DYERSBURG REACHES DEBT FORBEARANCE AGREEMENT
NEW YORK — Knit-fabrics mill Dyersburg Corp. saw its losses widen in the second quarter and fell into default with its lenders. However, the Charlotte, N.C., company has entered into a forbearance agreement to keep its credit open through August.
For the three months ended April 1, Dyersburg recorded a net loss of $4 million compared with a $2.7 million loss in the prior-year quarter, according to a 10-Q filed with the Securities and Exchange Commission on Tuesday. Sales were $78.7 million, off 1.8 percent from $80.1 million.
A decline in fabric sales, caused by lower average selling prices, was offset by the company’s developing full-package garment production business. The fledgling garment business contributed $6.3 million in sales for the quarter, compared with nothing last year, but took $2.1 million in operating losses.
The company attributed those losses to needing larger quantities of fabric than it had expected to produce contracted garments.

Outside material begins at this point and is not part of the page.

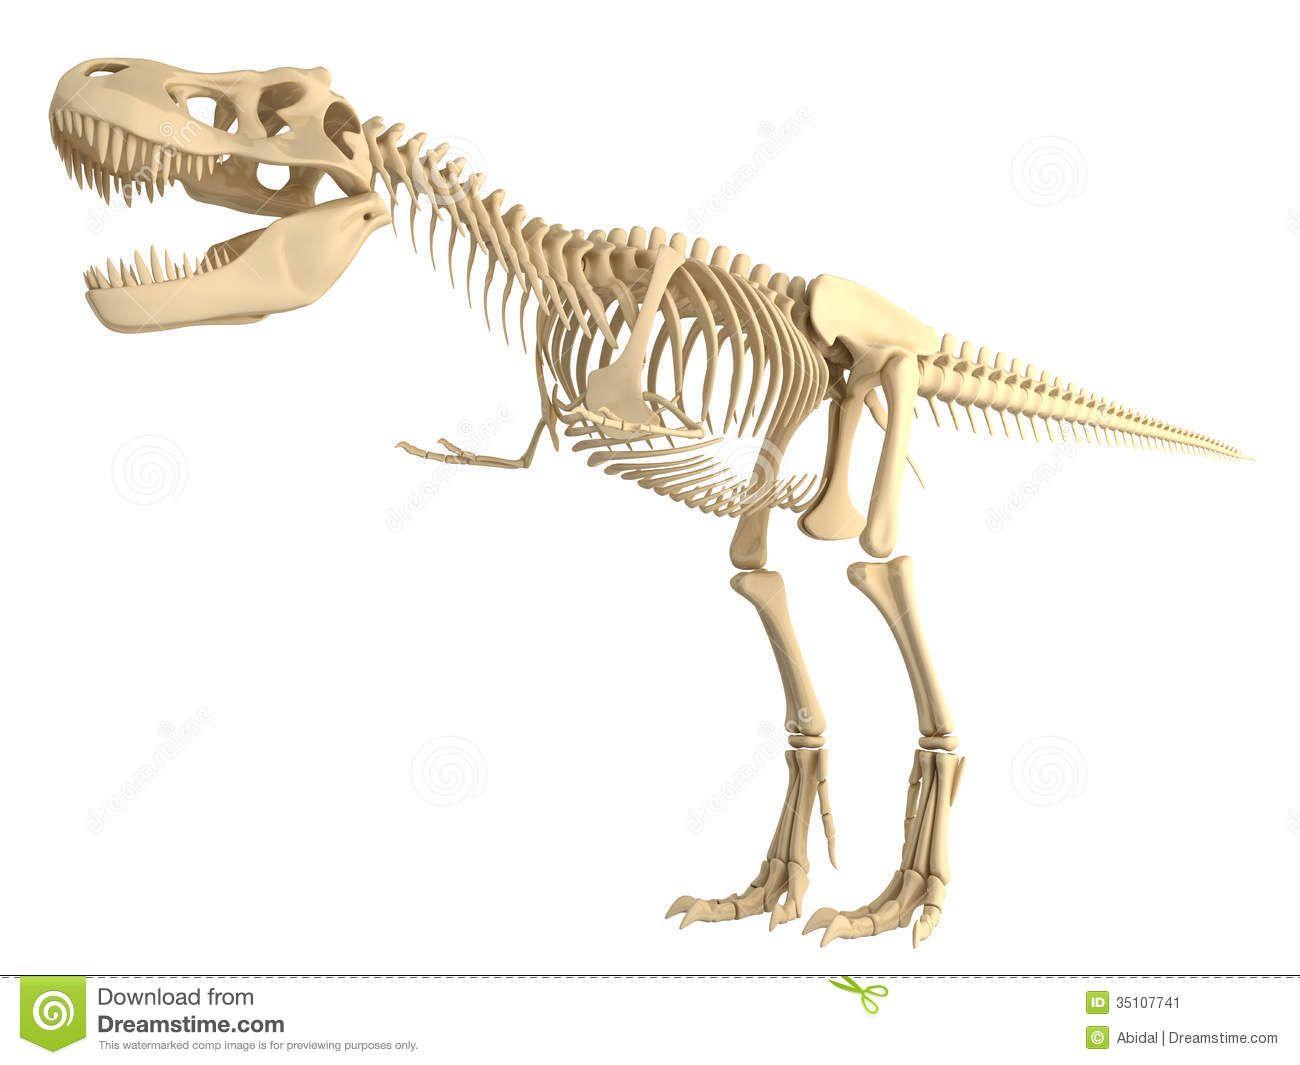 esqueleto dinosaurio - Buscar con Google | inspiración | Pinterest ...

The textile segment produced $2 million in operating income, off 16.8 percent from $2.4 million last year. Textile sales were $72.4 million, down 9 percent from $80.1 million.
Chairman and chief executive officer T. Eugene McBride contended in a statement that, overall, Dyersburg’s business was improving.
“However, our long-term debt issues, along with some operational inefficiencies, have held us back from reaching our full potential,” he said. “We have begun to take some aggressive steps to address our operational inefficiencies and are actively working with our financial advisers to address our debt issues.”
The company said in the filing that its failure to meet targeted levels of earnings before interest, taxation, depreciation and amortization for the first half of the year had left it in default on its credit agreement. Last Friday, Dyersburg entered into a forbearance agreement under which its lenders agreed to extend its revolving loans and letter of credit until Aug. 25, provided the company makes EBITDA of $5 million in the three months ending July 1 and another $2 million in EBITDA in the month ending July 29.
A spokesman for the company declined to disclose Dyersburg’s EBITDA for the second quarter.
Dyersburg said in a statement it had hired the financial advisory firm Houlihan Lokey Howard & Zukin to develop “strategic alternatives related to restructuring its long-term indebtedness.” It noted that it was seeking options that “will leave trade creditors unimpaired.”
For the six months, Dyersburg reported a $4.6 million loss compared with a $4.3 million loss in the year-ago period. Textile-segment operating earnings were $7.8 million, up 38.9 percent from $5.6 million a year ago, while the garment segment recorded a $3 million operating loss.
Sales were $147.1 million, off 5.4 percent from $155.5 million. A 12.3 percent slip in textile sales, to $136.3 million, was partly offset by $10.8 million in garment sales.